Bug 2178978

Summary: One monitor is down after OCP upgrade and doesn't recover
Product: [Red Hat Storage] Red Hat OpenShift Data Foundation Reporter: Filip Balák <fbalak>
Component: odf-operatorAssignee: Nitin Goyal <nigoyal>
Status: CLOSED NOTABUG QA Contact: Elad <ebenahar>
Severity: urgent Docs Contact:
Priority: unspecified    
Version: 4.8CC: muagarwa, ocs-bugs, odf-bz-bot, pbalogh, tnielsen
Target Milestone: ---Keywords: Regression
Target Release: ---   
Hardware: Unspecified   
OS: Unspecified   
Whiteboard:
Fixed In Version: Doc Type: If docs needed, set a value
Doc Text:
Story Points: ---
Clone Of: Environment:
Last Closed: 2023-03-30 16:41:46 UTC Type: Bug
Regression: --- Mount Type: ---
Documentation: --- CRM:
Verified Versions: Category: ---
oVirt Team: --- RHEL 7.3 requirements from Atomic Host:
Cloudforms Team: --- Target Upstream Version:
Embargoed:

Description Filip Balák 2023-03-16 10:45:30 UTC
Description of problem (please be detailed as possible and provide log
snippests):
After OCP upgrade one monitor is reported as down and it doesn't recover in time.
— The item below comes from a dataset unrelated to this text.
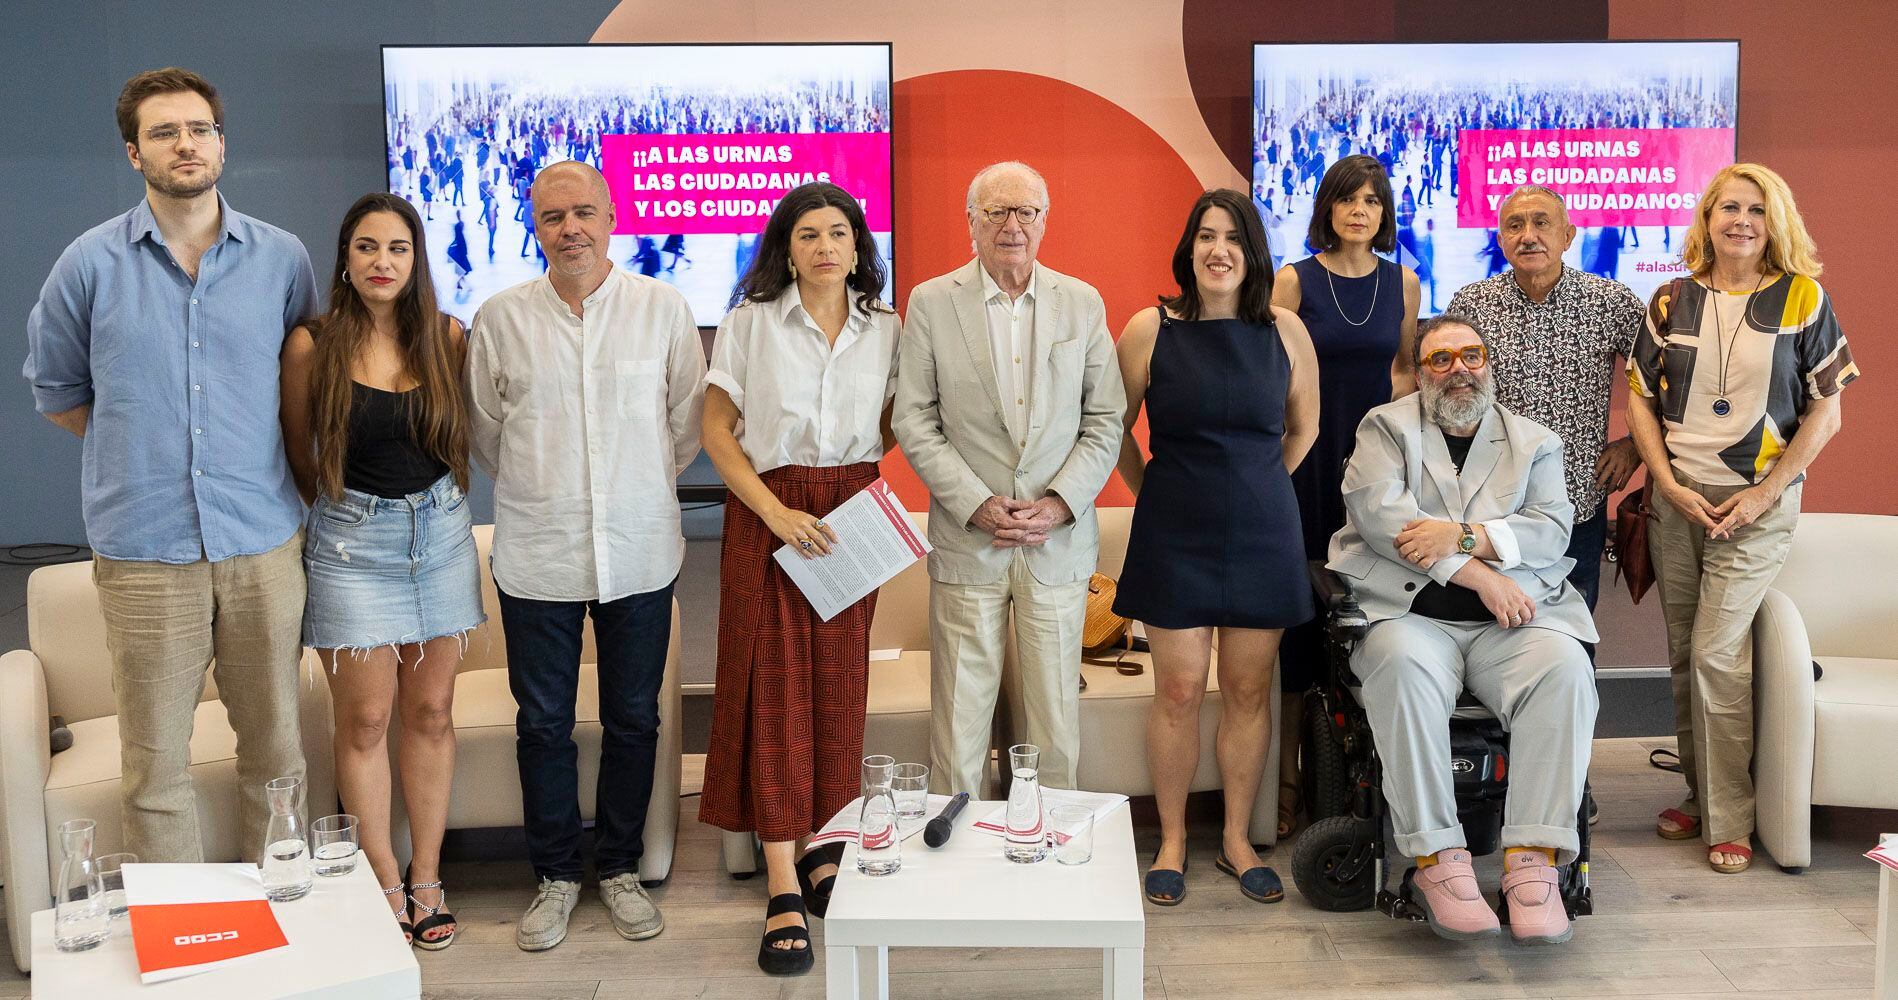 Representantes del mundo de la Cultura y de los sindicatos presentan un manifiesto firmado por 300 personalidades pidiendo el voto por las fuerzas progresistas este martes en el Círculo de Bellas Artes de Madrid.

Version of all relevant components (if applicable):
OCS 4.8.18-2

Rate from 1 - 5 the complexity of the scenario you performed that caused this
bug (1 - very simple, 5 - very complex)?
2

Can this issue reproducible?
yes

Steps to Reproduce:
1. Prepare AWS IPI 3AZ RHCOS 3M 3W Cluster.
2. Perform OCP upgrade from OCP 4.8 to OCP 4.9.
3. Check ceph health.

Actual results:
Upgrade is done but a ceph monitor is down (Ceph cluster health is not OK. Health: HEALTH_WARN 1/3 mons down, quorum a,c).

Expected results:
Ceph should be healthy after upgrade.

Additional info:
Runs where this was observed:
https://ocs4-jenkins-csb-odf-qe.apps.ocp-c1.prod.psi.redhat.com/job/qe-deploy-ocs-cluster-prod/7177/#showFailuresLink
https://ocs4-jenkins-csb-odf-qe.apps.ocp-c1.prod.psi.redhat.com/job/qe-deploy-ocs-cluster-prod/7139/#showFailuresLink

Comment 1 Nitin Goyal 2023-03-16 11:41:00 UTC
Filip, Can you pls give us the working cluster, Above both clusters are gone.